11/febrero/10
Lucía nació con el muro frente a sí, dentro de sí,
fundidos el uno con el otro, como si el muro hubiera sido construido en el
momento en que Lucía nació, o quién sabe, tal vez fuera a la inversa.
Un día, el muro vino, nadie sabe de dónde. Un episodio
borrado de la memoria colectiva. Una brumosa mañana ya estaba ahí, al final del
pequeño y tenue jardín, justo de frente a la puerta trasera de la casa. Para
todos fue como si siempre hubiera estado ahí, nadie lo edificó; viejo y triste,
llegó a instalarse a un lugar que desde siempre le había pertenecido.
De niña, Lucía fue una pequeña figura opaca que se
movía sigilosa entre las sombras del interior de la casa, sin más luz ni vida,
que la que adquirían sus ojos cuando salía por la puerta trasera de la casa y
cruzaba el boscoso jardín, entonces, con el muro frente a ella, sus pupilas
tornábanse líquidas y el muro gris, húmedo, casi etéreo, parecía diluirse en
esa mirada de agua. Era sólo entonces, que Lucía irrumpía por fin en la
realidad, como si naciera cada vez que entraba al jardín.

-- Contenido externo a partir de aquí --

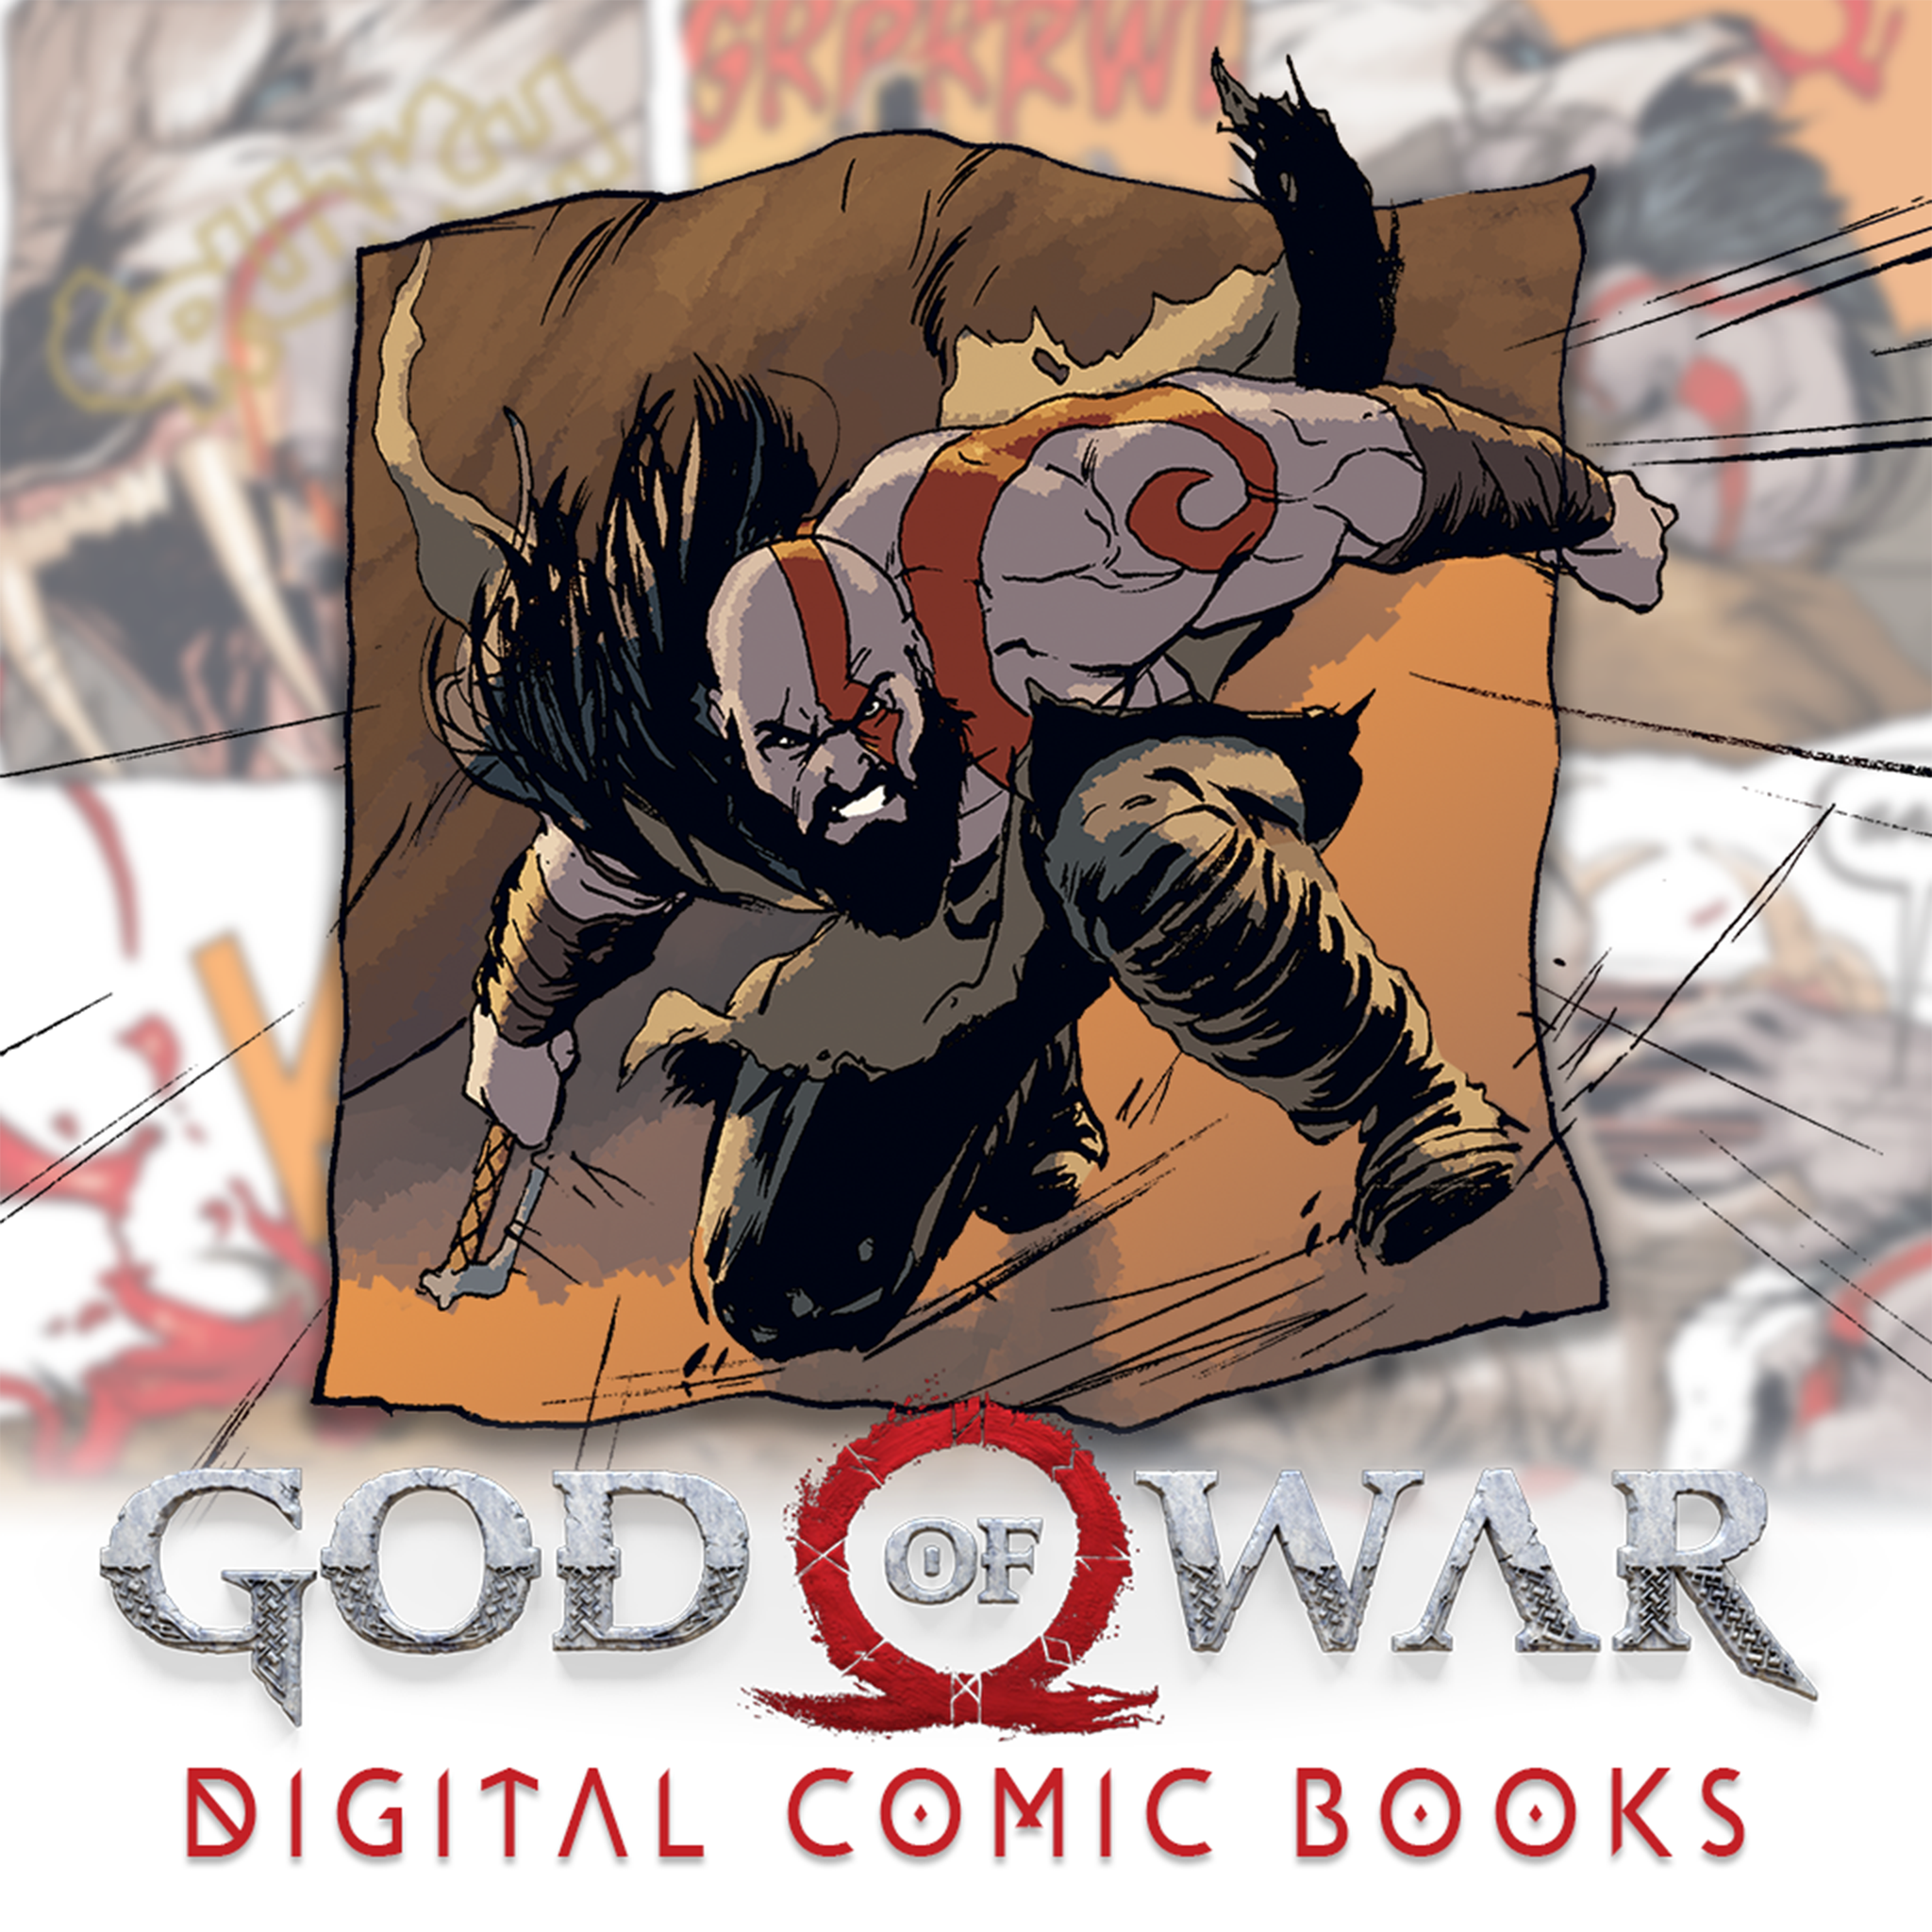 God of war comics

Cada mañana durante dieciséis años, ella volvía a
nacer, emergía de las sombras y atravesaba el inmenso, pequeño jardín hasta
llegar al muro, colocábase frente al muro y, extendiendo sus manos sobre el
muro, le susurraba palabras que ni aun los ángeles comprendían; pero esa
mañana, la Lucía de los dieciséis años se percató de algo en el muro que antes
no estaba.
Corroído por los susurros constantes, el muro habíase
desvanecido un poco, lo suficiente como para que un sonido más preciso pudiera
atravesarlo. El hueco en el muro fue todo un hallazgo para Lucía, quien,
preguntándole al muro el significado de tal hecho, escuchó una voz al otro
lado.
-Durante mucho tiempo he venido aquí y nunca antes
había escuchado un sonido más dulce o mejor articulado –ni el canto de las
aves, ni el murmullo del riachuelo– que ahora. Quién eres.
-Una sombra. Igual tiempo he susurrado desde este lado
del muro y nunca voz semejante a la tuya –atronadora y clara, como un relámpago
en el desierto– me había contestado. Quién eres tú.

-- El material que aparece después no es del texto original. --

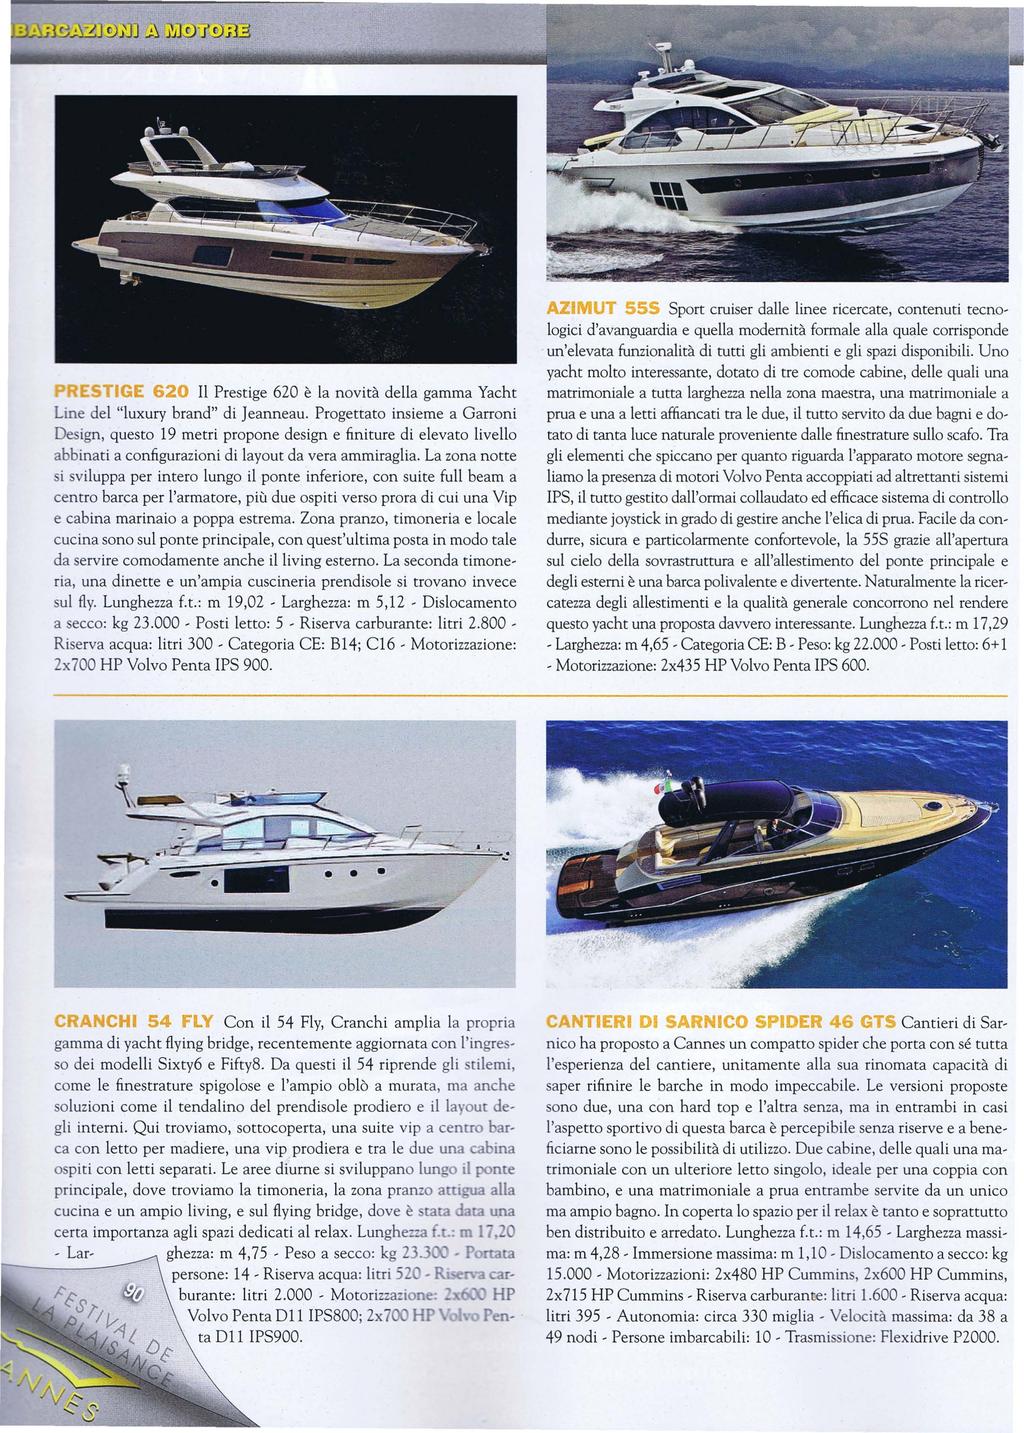 TIGE 620 Il Prestige 620 è la novità della gamma Yacht Une del "luxury brand" di ]eanneau.

-Soy el ángel que guarda los lugares que la mente
humana ha olvidado.
El muro había cedido a los susurros de una sombra y de
un ángel, quienes desolados, buscaban la sola equiparable compañía del muro,
que ahora permitía que se conocieran –reconocieran, tal vez.
No se sabe cuánto tiempo pasó desde el hallazgo en el
muro. Cada mañana desde entonces, ellos conversaban a través del muro, siempre
sin verse. El muro los separaba y también los unía.
Un día, mientras hablaban, el muro se desvaneció y
sólo en ese momento pudieron los amantes verse a la cara. Ella era una sombra.
Él, un ángel. Horrorizados, ambos retrocedieron hasta abandonar aquellos
jardines metafísicos y apenas parados cada cual en la puerta de sus respectivas casas, volvieron a ser lo
que antes eran, ella, una triste, sombría mujer, él, un ominoso ermitaño.
Instalados cada quien en su espacio y su tiempo, no fueron nunca más aquella
sombra y aquel ángel fundidos en amor por el muro, que los sacaba de la
realidad para instalarlos fuera del tiempo.